Children and women are never free from the inexplicable wrath of these beasts. The symbolism of how Nozicelo’s killer dismembered her shows his disgust for her femininity and his belligerent temper reflects the waning of ubuntu in many of our communities.

We have forgotten to live for others and instead live for our selfish desires and private gluttony. We still need to deeply understand the social and sociological aspects of gender-based violence that destroyed Mtebeni.

With or without pandemics, gender-based violence has been widespread in our communities. Yet some have argued that the Covid-19 pandemic with its restrictions such as the quarantine or lockdown periods has increased gender-based violence.

Referring to it as a twin pandemic to Covid-19, gender-based violence is responsible for many ills against women around the world. Recent research shows that women suffer the consequences of these pandemics.

These results are reflected in the first world and developing countries. This was the same case with HIV and Aids which saw women bearing the brunt of society. Society should always be mindful to consciously fight the accompanying pandemics in order to defeat the scourge of gender-based violence. We need to look at our battles in totality.

Two aspects have become crucial in this quandary. The first one implies the second. On the one hand, schools and other institutions of learning should constantly instil values of dignity and respect. But this should also be the responsibility of homes and families where children – boys and girls – should be taught to live together.

And of course, this will only be possible when we change the patriarchal rules of the game. On the other hand, there has to be a way of ensuring that women eschew silence because quietness is complicit with the perpetrator’s actions.

Numerous femicides occur because victims have been taught to hush. Silence fits into the role expected by stereotypes; meek, soft and feminine and prowling beasts ride on these qualities. Women need the power and they have the strength. The beasts that kill have brittle hearts and their souls easily melt in the face of the voices of powerful women who stand their ground.

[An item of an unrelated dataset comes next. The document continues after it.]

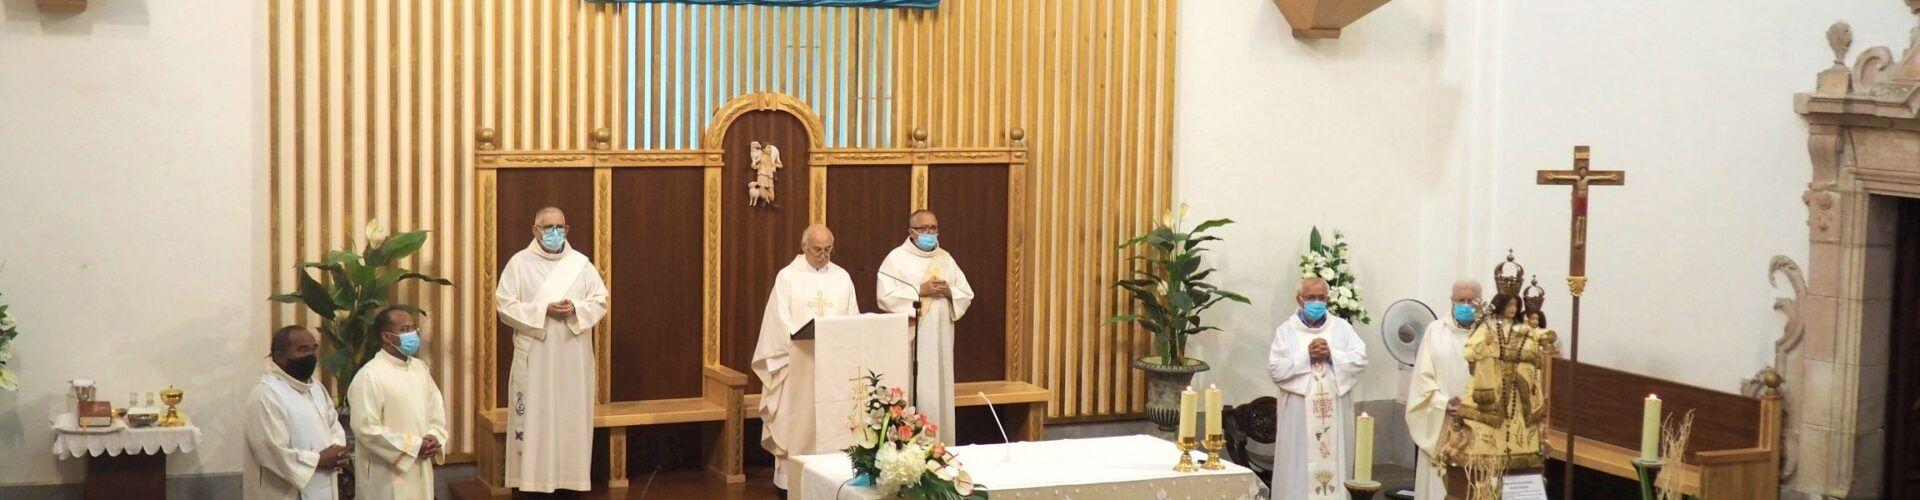 Peñíscola celebra la Natividad de la Virgen cumpliendo todas las medidas de seguridad

There are several reported cases of male abuse but while we acknowledge these we should never belittle the brutal killing of women in our society. Femicide continues to rattle our society thus shaking its very fabric. This time Nosicelo is gone but her passing should prick our conscience.

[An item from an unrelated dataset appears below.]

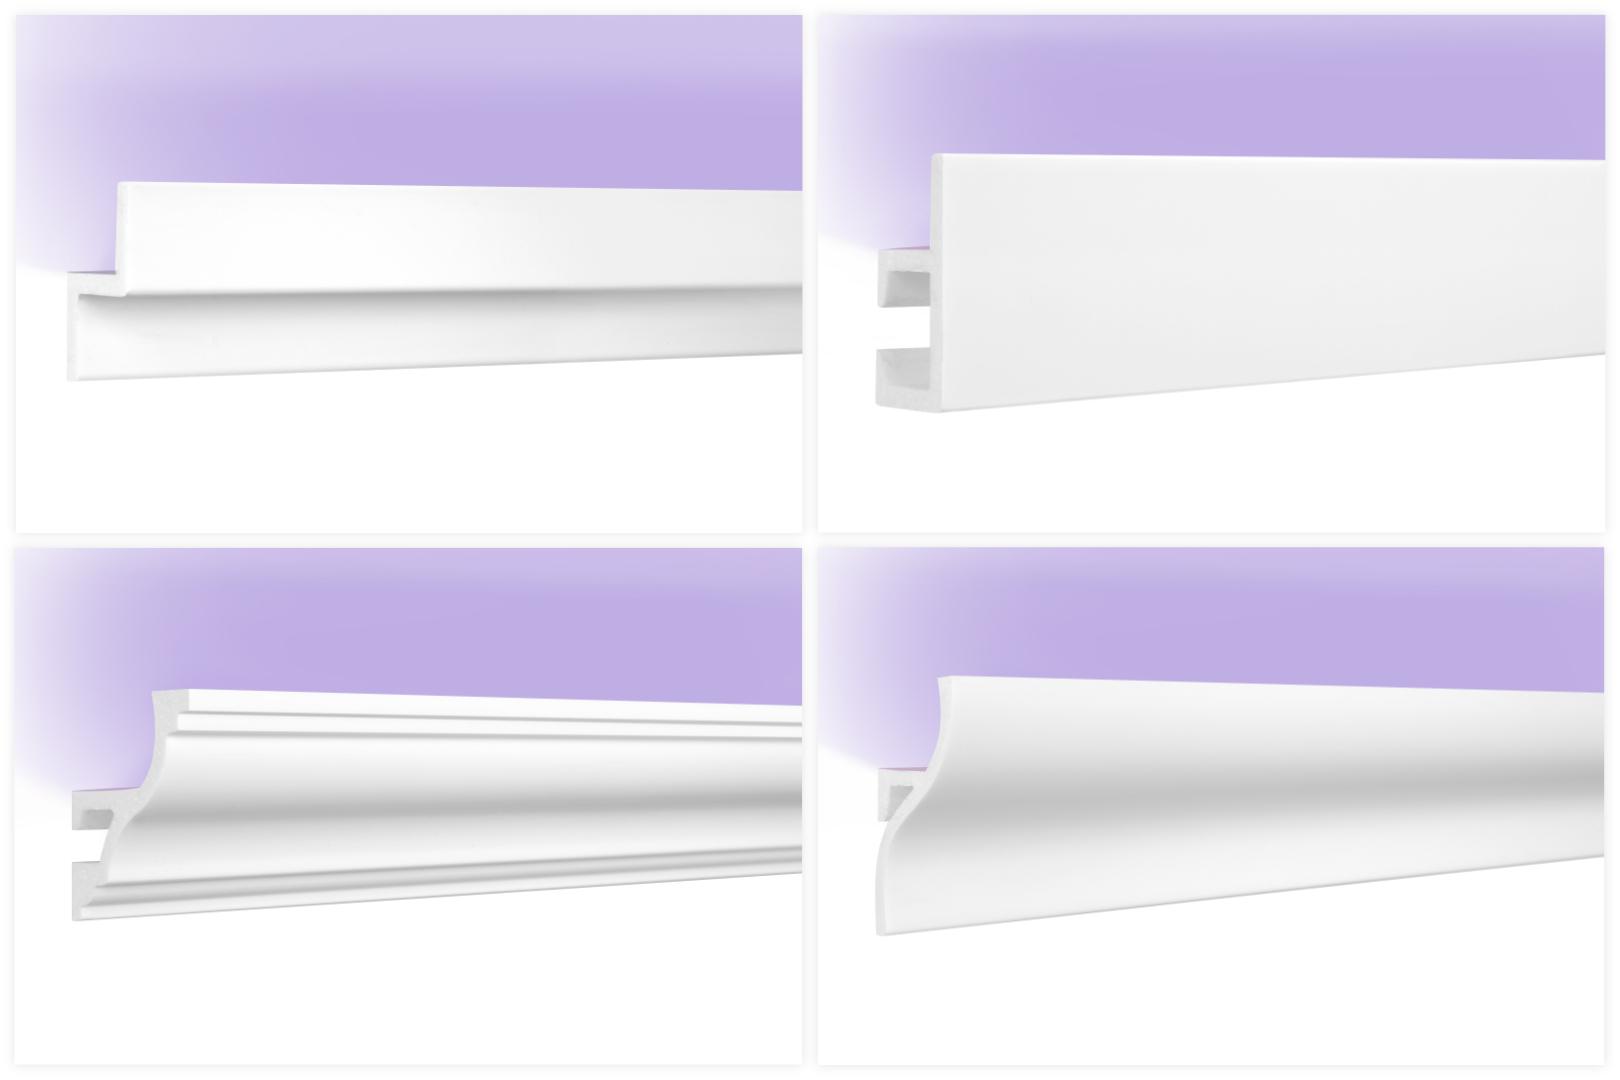 LED Stuckleisten aus HDPS Styropor - extrem widerstandsfähig, schneeweiß & modern

When we are silent, within us we also conjure the spirit of the daring, prowling beasts. The maligned masculinity we see today is detrimental but should never defeat the ends of building communities. The gruesome acts against women mar the march towards an optimistic future. We should move to change society before the violence imbibes and drowns us all. There will be no society without mothers and there will be no children when fiends scavenge.

Vuyisile Msila works at Unisa. He writes in his personal capacity.